PASSIFLORA Pro dia nascer feliz
O gênero Passiflora possui cerca de 500 espécies, sendo a Passiflora incarnata uma das mais conhecidas. Descoberta em 1569 no Peru, foi introduzida na medicina em 1840, segundo o American Journal of Pharmacy. Entre os diversos usos da planta, destacam-se os efeitos ansiolíticos e sedativos, que têm sido confirmados emnumerosos trabalhos científicos. Um estudo americano descobriu que a passiflora tem efeito similar ao medicamento benzodiazepínico Oxazepam no tratamento da ansiedade, mas com menos efeitos colaterais no dia seguinte. Há poucos casos descritos de reações adversas como náuseas, vômitos, taquicardia e sonolência.

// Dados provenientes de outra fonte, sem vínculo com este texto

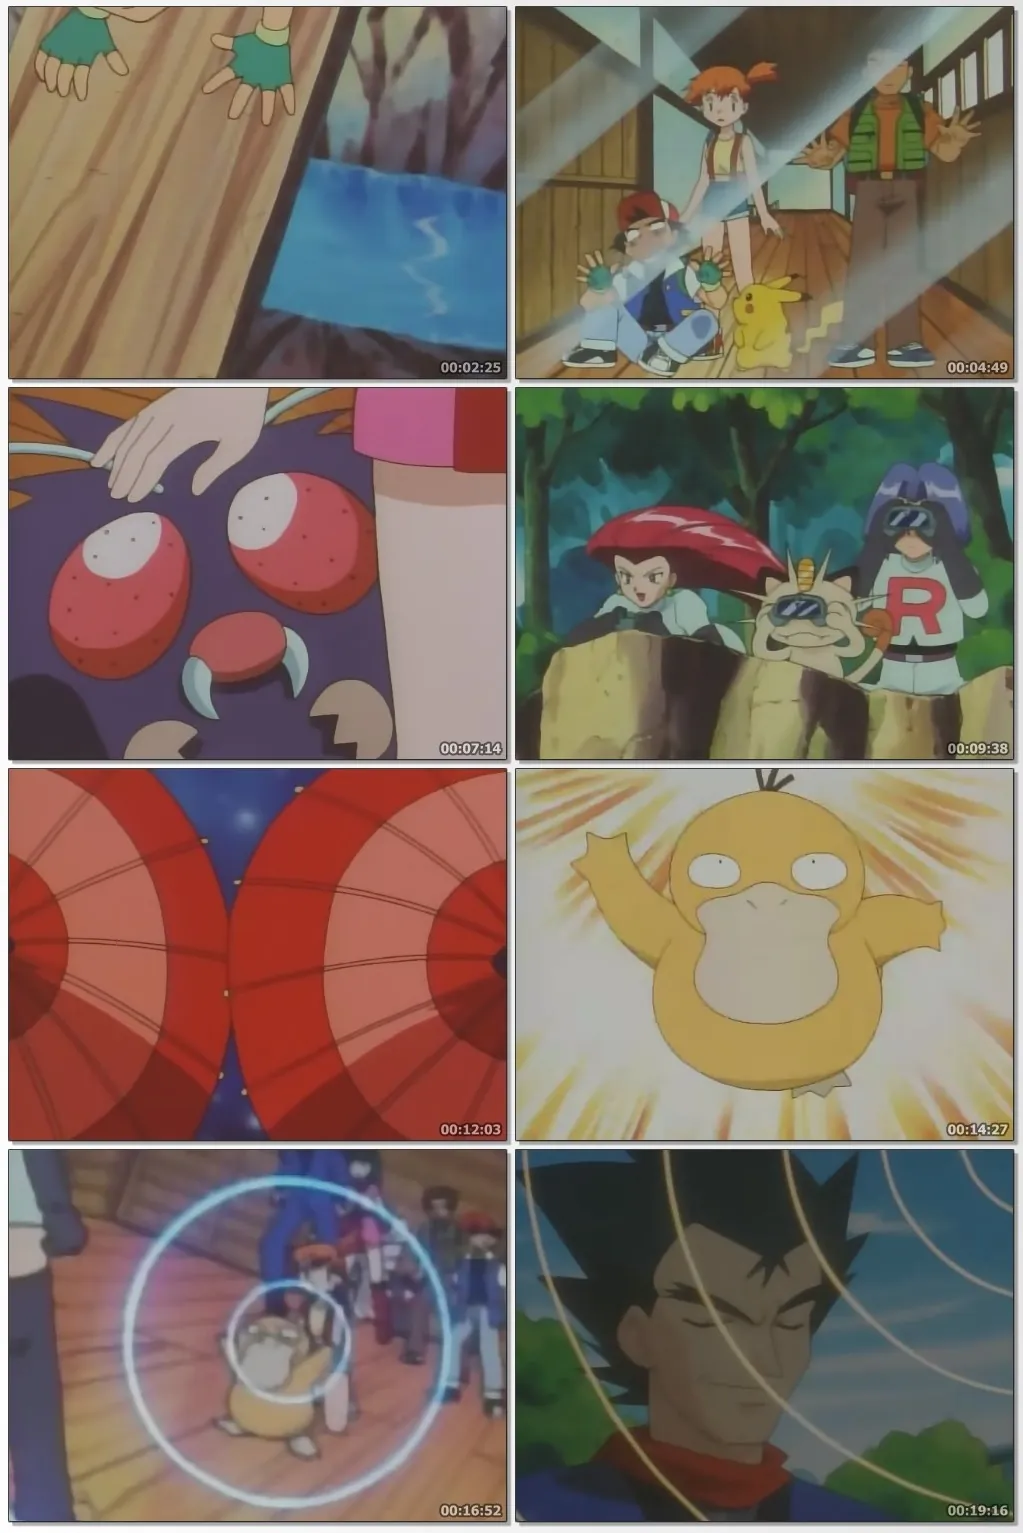 descargar pokemon latino capitulos todas las temporadas 1997

FAXINA NOS HÁBITOS  Os 10 mandamentos para uma boa noite de sono
1 Tenha um horário regular para dormir e despertar.
2 Vá para a cama somente na hora de dormir.
3 Cuide para que o quarto esteja livre de luz e barulho.
4 Não beba álcool perto da hora de dormir.
5 Não tome remédios para dormir sem orientação médica.
6 Não exagere no café, chá e refrigerante.
7 Atividade física é ótimo, mas não perto da hora de dormir.
8 Coma moderadamente no jantar e não deixe a refeição para muito tarde.
9 Tente não levar problemas para a cama.
10 Faça atividades relaxantes após o jantar, como meditar ou ouvir música suave.